CSL is a global biotechnology company with a dynamic portfolio of lifesaving medicines, including those that treat haemophilia and immune deficiencies, vaccines to prevent influenza, and therapies in iron deficiency and nephrology. It operates in more than 40 countries around the world. Its divisions are:
CSL Behring (which holds the world-leading CSL Plasma business): CSL Behring is a global biotherapeutics leader, develop and delivering innovative medicines for treating bleeding disorders, immune deficiencies and chronic inflammatory conditions. Its major product is immunoglobulins, a range of antibodies that help fight infections and diseases.
CSL Seqirus, a global vaccine leader, with one of the broadest influenza vaccine portfolios in the world. CSL Seqirus operates state-of-the-art manufacturing facilities on three different continents and a globally integrated supply chain for the timely supply of influenza vaccine to customers around the world.
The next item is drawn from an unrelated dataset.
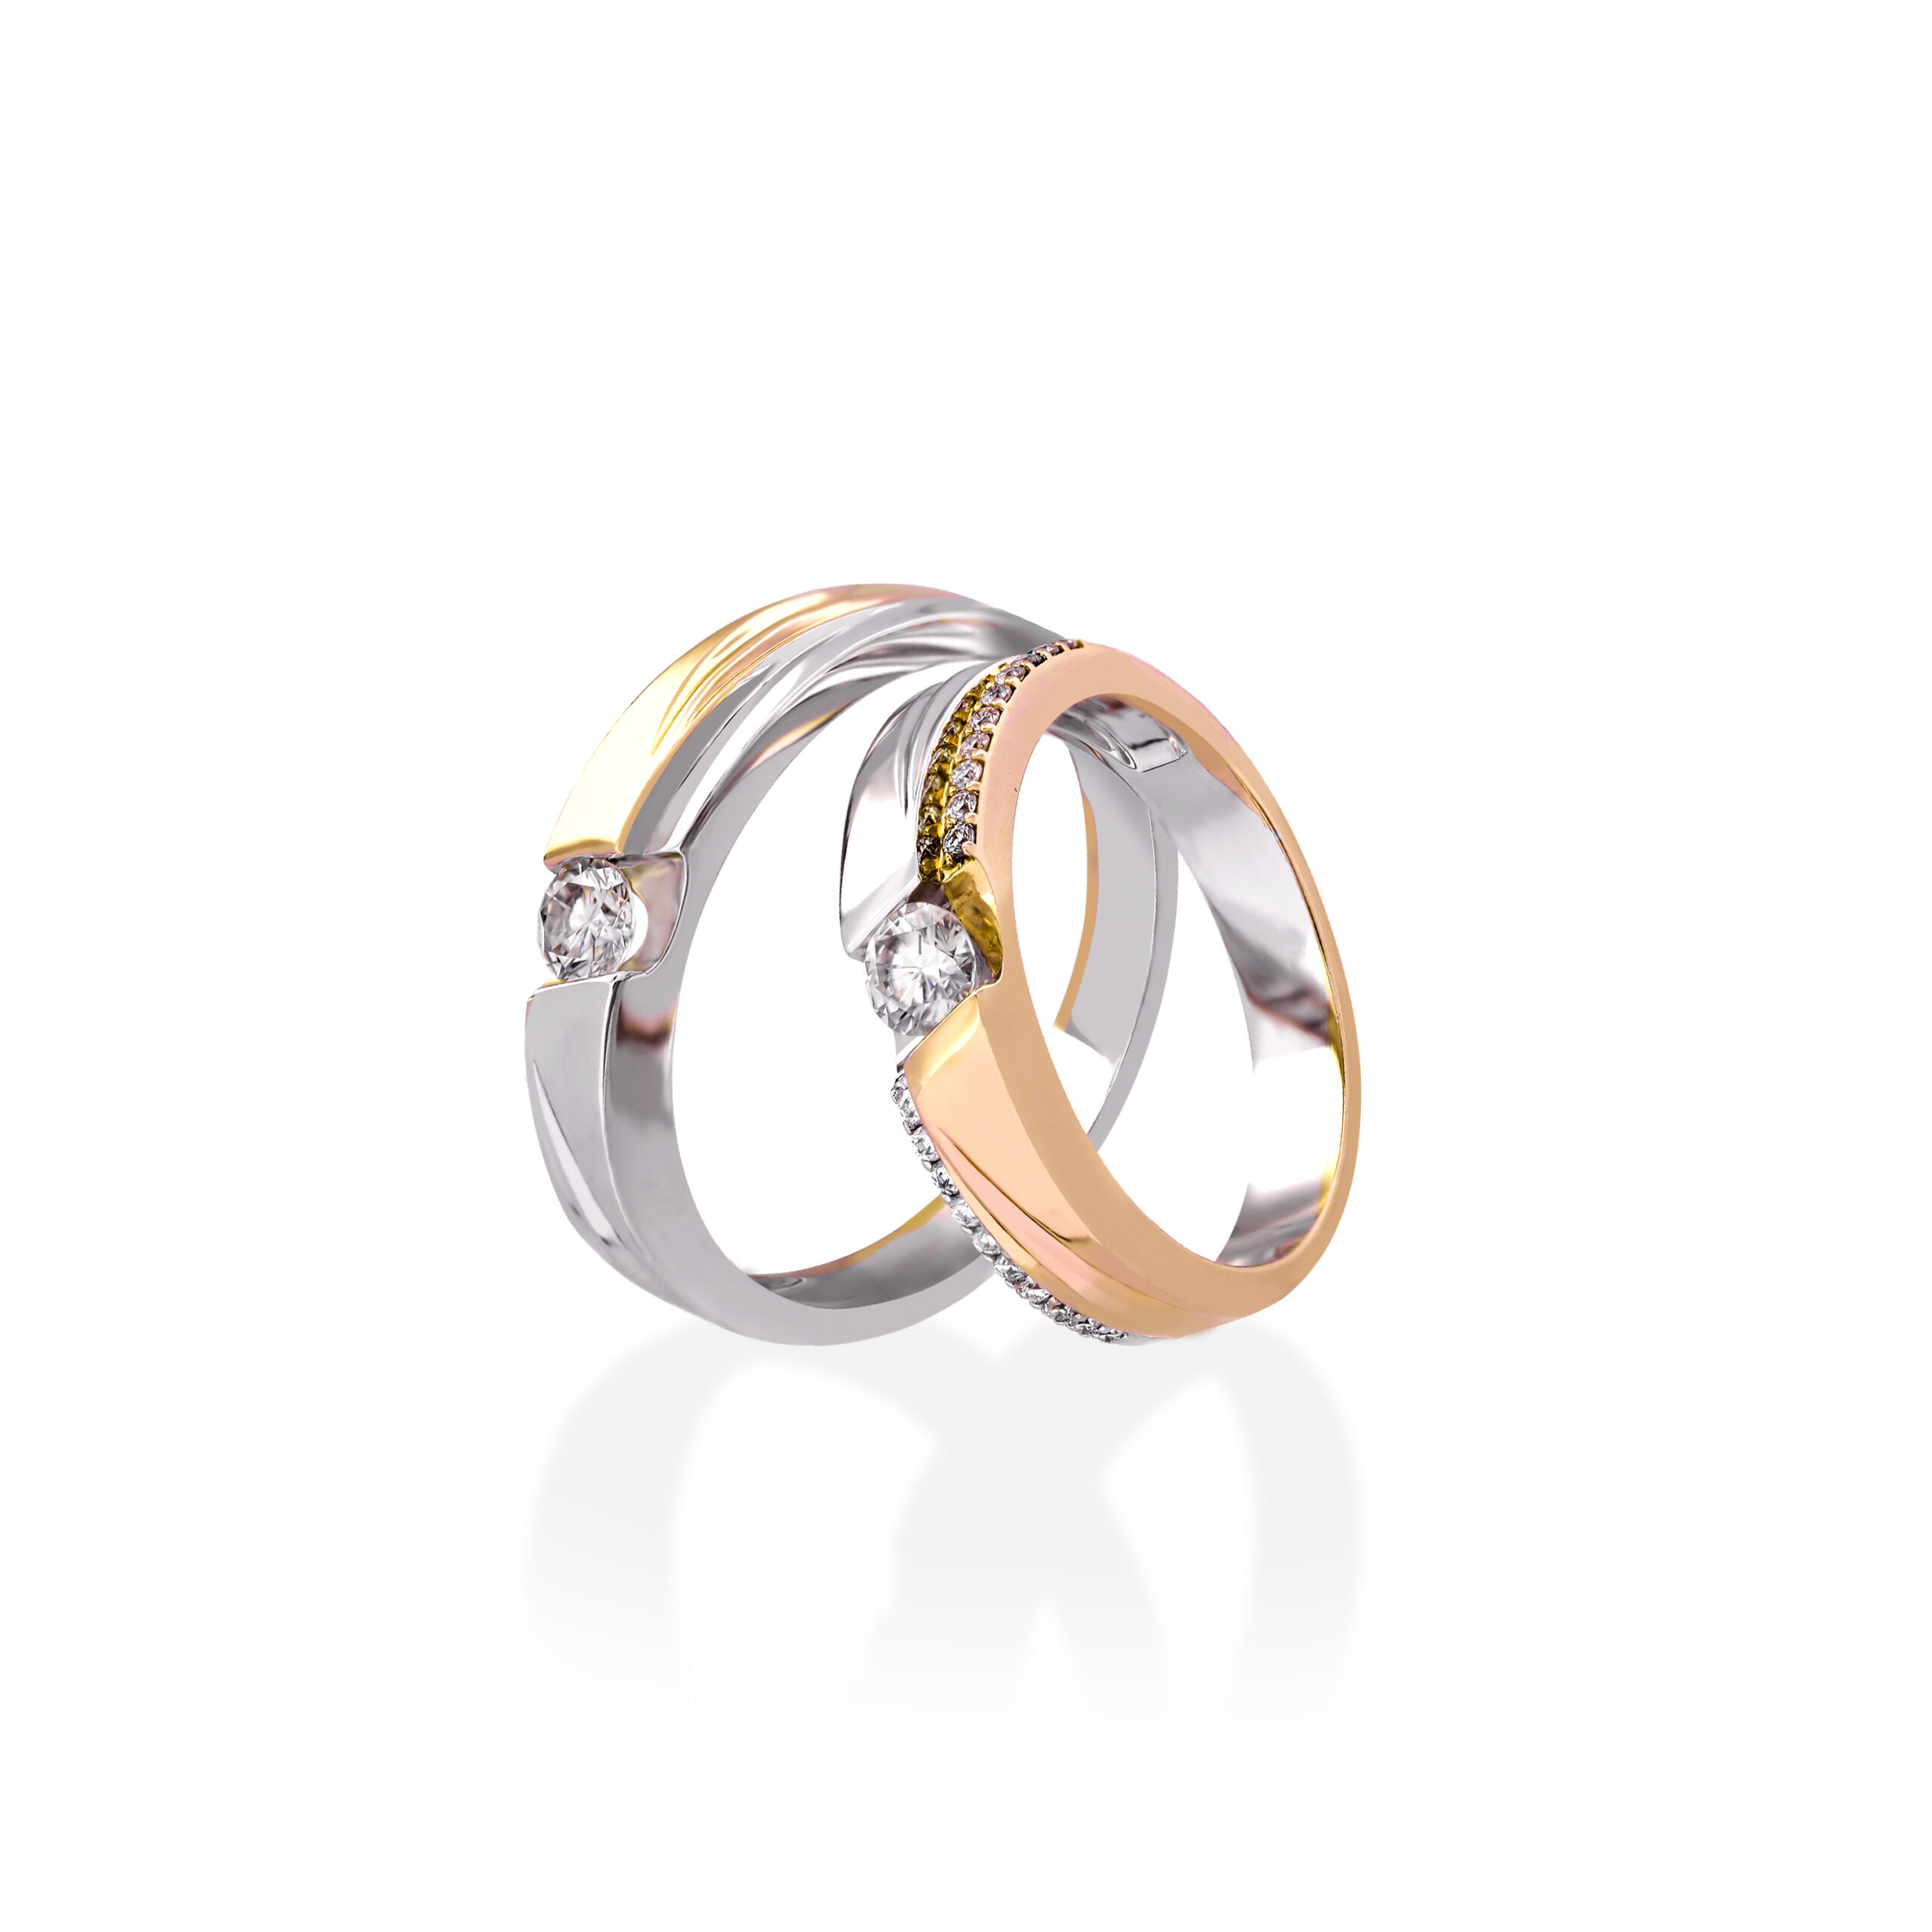 Cặp nhẫn cưới vàng 18k pnj sánh duyên 00377-00376 | pnj.com.vn

CSL Vifor: the Swiss-headquartered CSL Vifor is a global specialty pharmaceuticals company specialising in the treatment areas of iron deficiency, dialysis, nephrology and rare disease. CSL bought Vifor in 2022 in a $17.8 billion deal.
Vifor hasn’t performed well, a mixture of operational struggles and currency issues: by the strong Swiss franc and US dollar currency fluctuations had worked against the company, which has operations in Switzerland, the US, Australia and Germany. Vifor’s travails have disguised the fact that CSL’s business apart from Vifor have been performing well. The company’s engine room, the core blood products business in CSL Behring, has returned to where it was before the COVID-19 pandemic crunched the supply of blood plasma, and CSL said when reporting its FY24 result in August that it expects double-digit earnings growth for the next five years, driven mainly by CSL Behring.
While CSL beat analyst expectations for FY24, with revenue, at US$14.74 billion, beating consensus estimates of about US$14.65 billion, and net profit surged 25%, investors were disappointed by the company’s guidance for FY25, which came in slightly below analysts’ expectations.
But with strong growth likely in plasma collection and the flagship immunoglobulin sales, CSL’s defensive, sustainable growth characteristics are likely to become increasingly appealing to investors – especially with analysts seeing the stock as cheap.